A linear regression / classifier can absolutely be overfit if used without proper care.
Here's a small example. Let's create two vectors, the first is simply $5000$ random coin flips:
set.seed(154)
N <- 5000
y <- rbinom(N, 1, .5)
The second vector is $5000$ observations, each randomly assigned to one of $500$ random classes:
N.classes <- 500
rand.class <- factor(sample(1:N.classes, N, replace=TRUE))
There should be no relation between our flips y
and our random classes rand.class
, they were determined completely independently.
Yet, if we attempt to predict the random flip with the random class using logistic regression (a linear classifier), it sure thinks there is a relationship
M <- glm(y ~ rand.class, family="binomial")
hist(coef(M), breaks=50)
The true value of every one of these coefficients is zero. But as you can see, we have quite a spread. This linear classifier is for sure overfit.
Note: The extremes in this histogram, where the coefficients have wandered to $-15$ and $15$, are cases where a class had either no observations with y == 1
or no values with y == 0
. The actual estimated values for these coefficients are plus and minus infinity, but the logistic regression algorithm is hard coded with a bound of $15$.
"overfitting" does not seem to be formally defined. Why is that?
Overfitting may be best understood within the context of a class of models which has some complexity parameter. In this case, a model could be said to be overfit when decreasing the complexity slightly results in better expected out of sample performance.
It would be very difficult to precisely define the concept in a model independent way. A single model is just fit, you need something to compare it to for it to be over or under fit. In my example above this comparison was with the truth, but you usually don't know the truth, hence the model!
Wouldn't some distance measure between training and test set performance allow for such a formalisation?
There is such a concept, it's called the optimism. It's defined by:
$$ \omega = E_{\text{test}} - E_{\text{train}} $$
where $E$ stands for error, and each term is averaged over all possible training and testing sets for your learning algorithm.
It doesn't quite get at the essence of overfitting though, because the performance on a test set can be quite a bit worse than the train, even though a model of higher complexity decreases both.
Your reasoning makes sense to me.
Here is an extremely simple example. Suppose that $X$ consists of only two columns $x_1$ and $x_2$, and the true DGP is
$$ y=\beta_1x_1+\beta_2x_2+\epsilon $$
with nonzero $\beta_1$ and $\beta_2$, and noise $\epsilon$.
Next, assume that $Z$ contains columns $x_1, x_1^2, x_1^3, \dots$ - but not $x_2$.
If we now fit $g(Z)$ (using OLS, or any other approach), we cannot capture the effect of $x_2$, simply because $x_2$ is unknown to $g(Z)$, so we will have underfitting. But conversely, including spurious powers of $x_1$ (or any other spurious predictors) means that we can overfit, and usually will do so, unless we regularize in some way.
Best Answer
For instance, the black curve is better than the green one if the blue dots that stick out of the blue area into the red are by a pure chance, i.e. random. If you obtained another sample and the blue dots in the red area disappeared, while other blue dots showed up, this would mean that the black curve is truly capturing the separation, and the deviations are random. BUT how would you know this by looking at this ONE sample?! You can't.
Therefore, lacking the context it is impossible to say which curve is better by just staring at this sample and the curves on it. You need exogenous information, which could be other samples or your knowledge of the domain.

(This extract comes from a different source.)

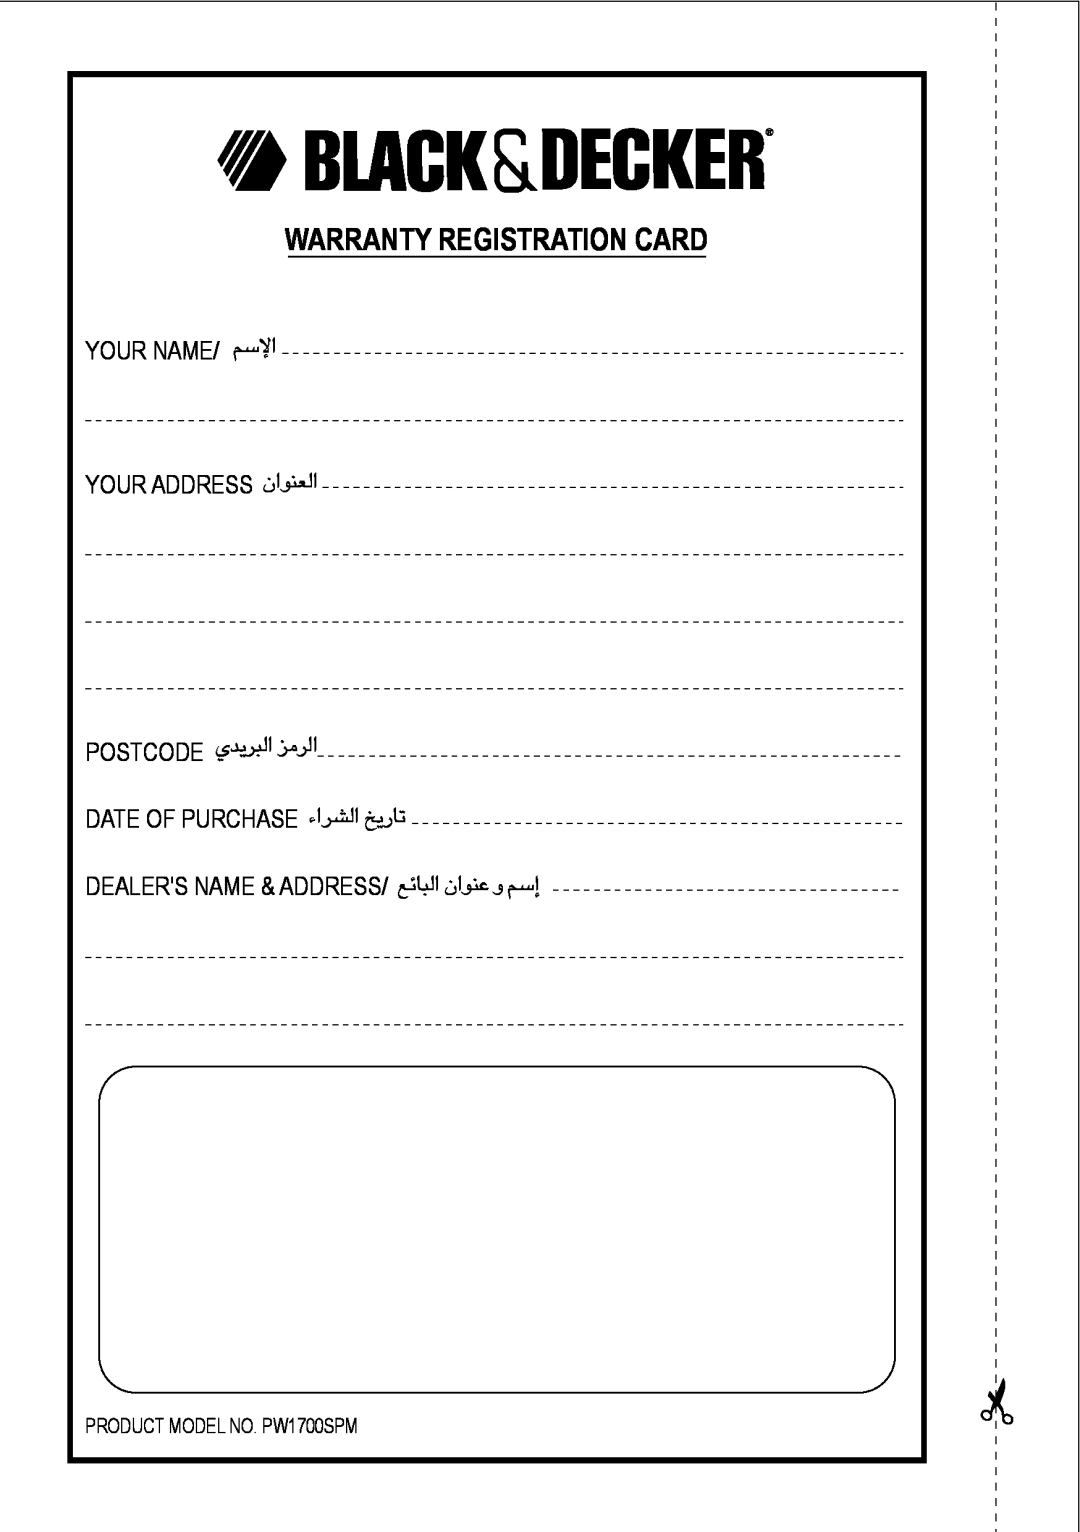 Black & Decker PW1700SPM manual Warranty Registration Card, «ùßr, «∞FMu«Ê, «∞∂d¥bÍ «∞d±e, «∞Ad«¡ ¢U¸¥a, «∞∂Uzl ´Mu«Ê Ë ≈ßr

Like you wrote the dynamics of error reduction in training and testing samples is one way. It goes to the same idea that I wrote above: detecting that the deviations from the model are random. For instance, if you obtained another sample, and it rendered the different blue points in red area but these new points were very close the old one - this would mean that the deviations from the black line are systematic. In this case you would naturally gravitate towards the blue line.
So, overfitting in my world is treating random deviations as systematic.
The main issue with overfitting (treating random as systematic) will mess up its forecasts. It does so mathematically because it becomes very sensitive to those inputs that are not important. It converts the noise in inputs into a false signal in the response, while the non-overfitting ignores the noise and produces smoother response, hence higher signal to noise ratio in the output.